It all began innocuously enough, with talk of our preferences and aversions. But once we delved into the subject of cinema, things revved up to an ungodly speed, like a muscle car tearing down a deserted highway. How does one even begin to choose what to watch? Are the critiques of so-called experts any more savage than those of the common folk? And does a director's budget really determine their ultimate triumph? Moreover, what exactly constitutes triumph in this context - mere profit, or critical acclaim? These are the very questions we aim to tackle with our little project.
The data is from Kaggle retrived from Kaggle and updated by Stefano Leone. You can find the original here. This Dataset was scraped from IMDb. This site contains movie plot descriptions, Metasore ratings, critic and user ratings and reviews, release dates, list of actors, general information about them, and many other aspects.
It contains 4 csv files, dividing the data into 4 aspects:
- Movies: contains 81,273 movies with 22 attributes. Some of them are ilustrated below
- Names (cast members): contains 175,719 cast members with 20 attributes
- Ratings: contains 81,273 movies with 49 attributes
- Title Principals (cast members roles): contains 377,848 cast members roles in movies with 6 attributes
Since our interests relied on the ratings and the movies, we only ended up using those two csv files.
We decided to divide the project into two sections:
- One dedicated to the reviews of the movies to analyze who, between the critic and the viewer, is harsher when they rate the movies.

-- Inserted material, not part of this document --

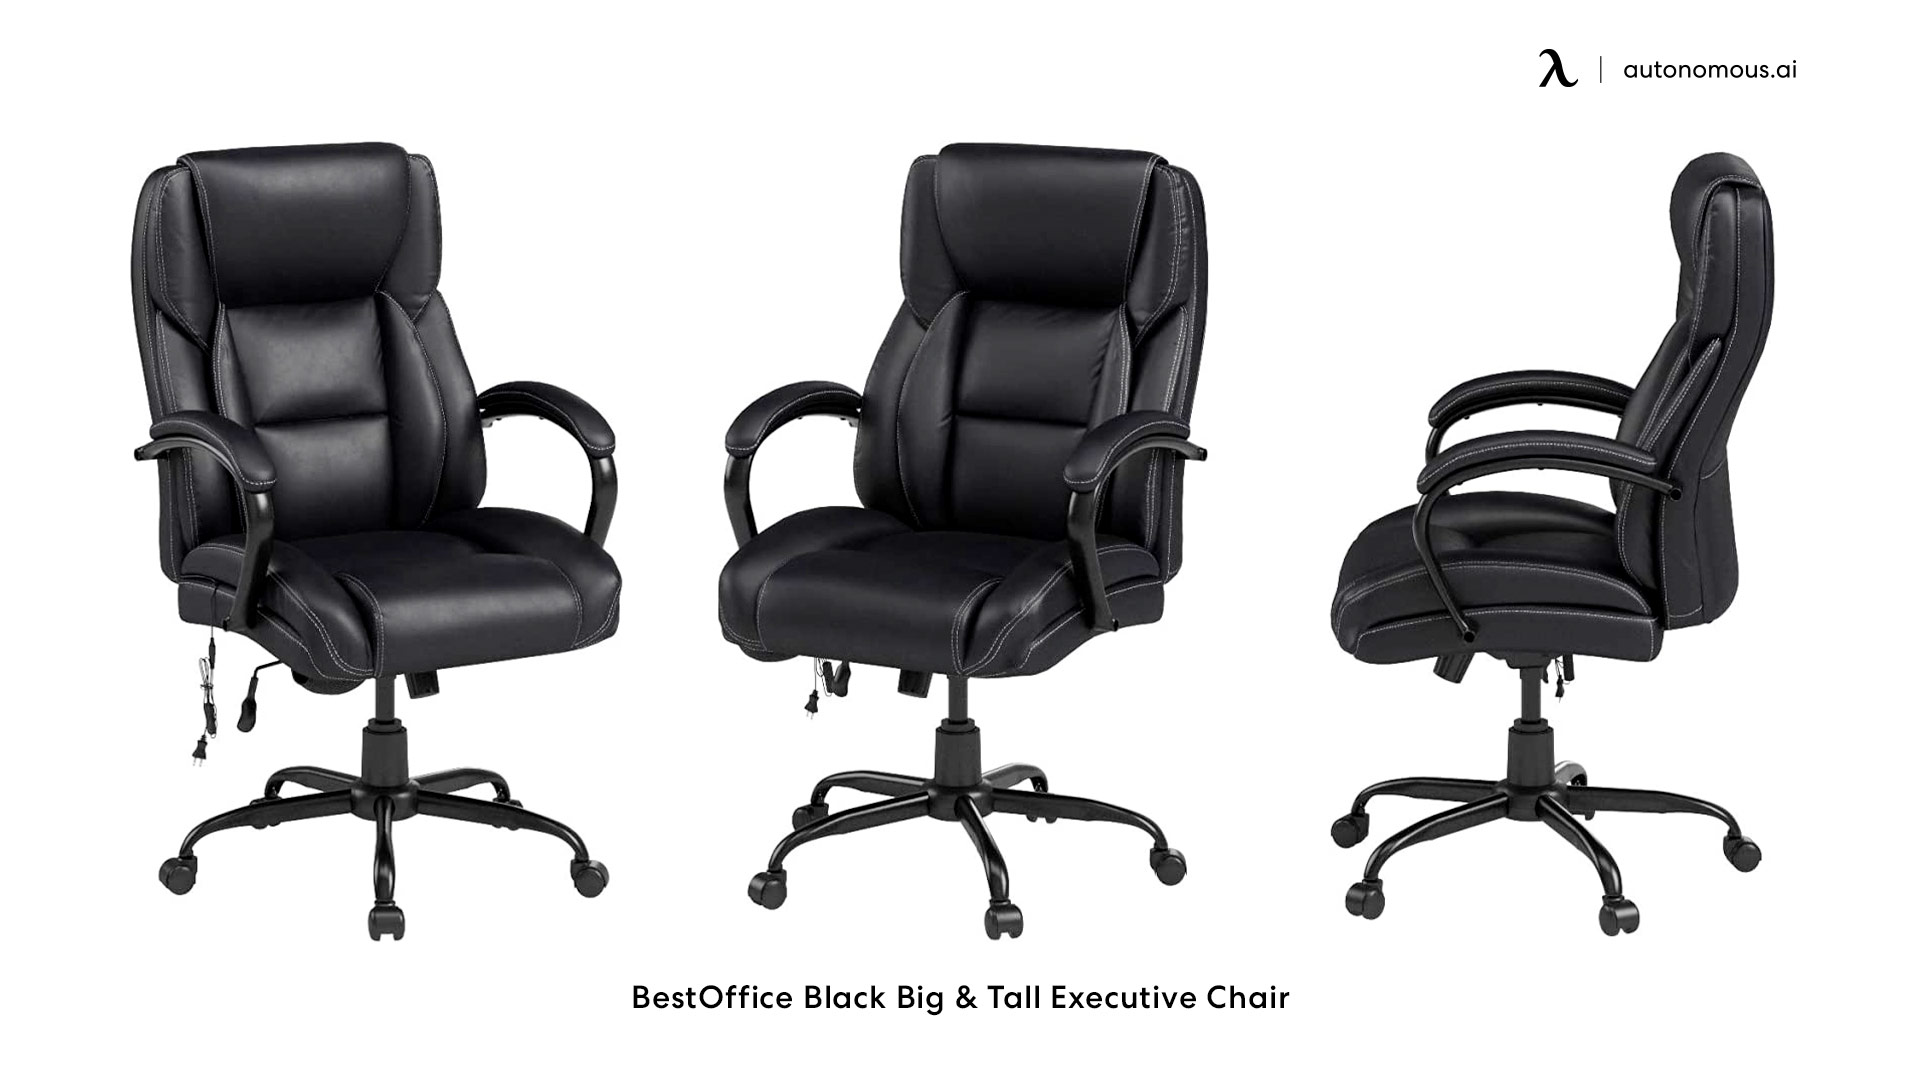 BestOffice Black Big & Tall Executive Chair

- The second, to review the success of a movie in terms of revenue per director and the user ratings vs the budget.
Some considerations. We decided to analize all the information in the same currency, and as a result of that, we only analized the information in USD. Also, we define some concepts to help us understand how the data behaved.
Critic Scores vs. Viewer Ratings (information extracted from this repository)
For this process, we decided to delete movies without reviews from both critics and viewers. This end up shortening the data from 81,273 movies to only 12,662.
For this section, we started anew with all the information from the data set, from it we deleted empty values from the columns we deemed relevant for this section. After we needed to select only the budget and gross income data that contained values in dollars and take out $
symbols from those columns. We created two columns called revenue, one with national information and another with worldwide results. To centralize the information, we took out both upper and lower outliers from the budget ending up with only 5,400 movies by 2,542 directors from 1931 to 2019. With a budget range from .2k to 88,000k dollars.
The final presentation with all our findings can be found in the Results folder.
We don't own the images inside the presentation, we used them only to add some visual representation of the information presented but we are not the owners of those images.